## Work to complete
For the string "shipping", find every matching line in the records and copy it.

Top of Available data

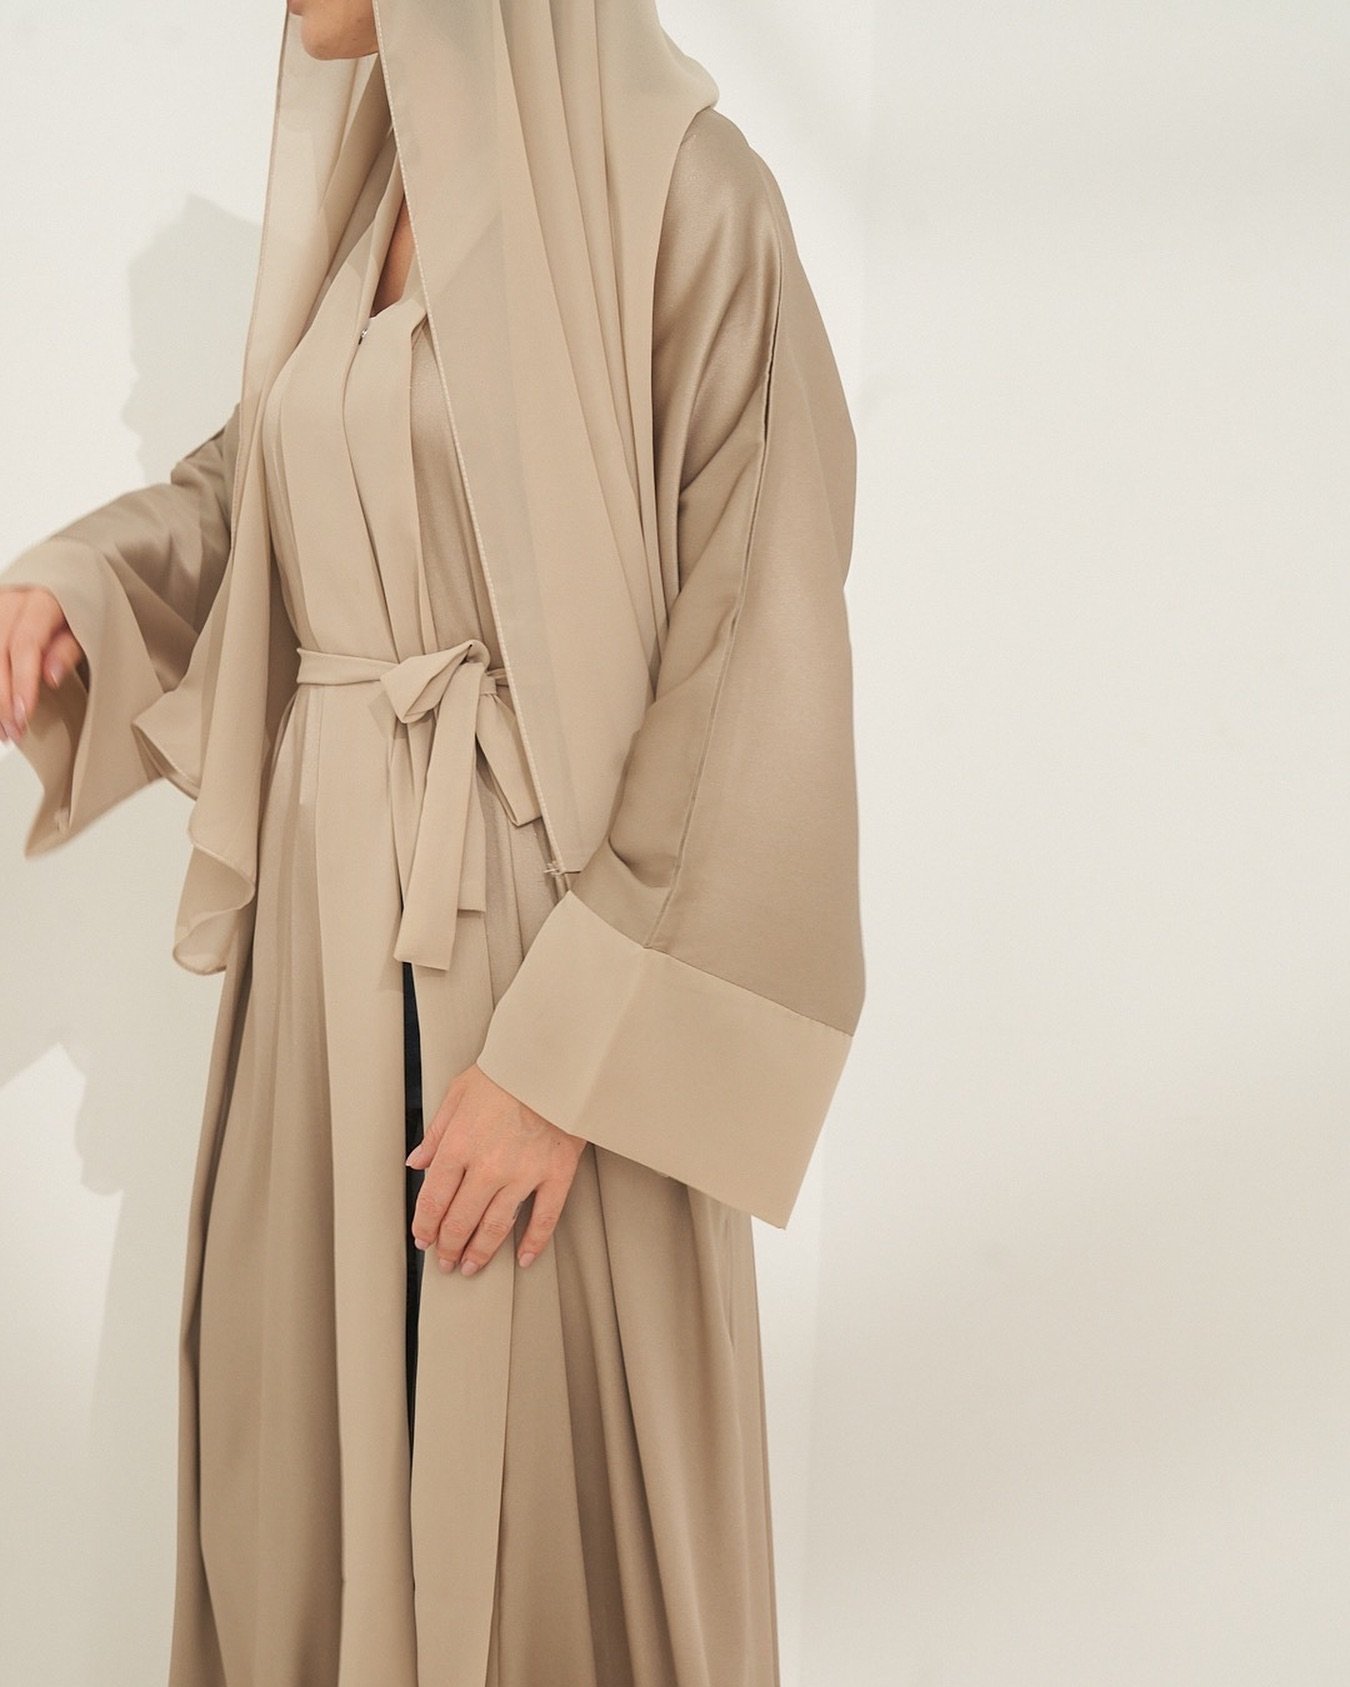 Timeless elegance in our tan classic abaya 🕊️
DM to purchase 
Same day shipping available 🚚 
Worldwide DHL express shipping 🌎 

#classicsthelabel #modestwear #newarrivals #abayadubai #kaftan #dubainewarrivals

Bottom of Available data

## Output below
Same day shipping available 🚚 
Worldwide DHL express shipping 🌎 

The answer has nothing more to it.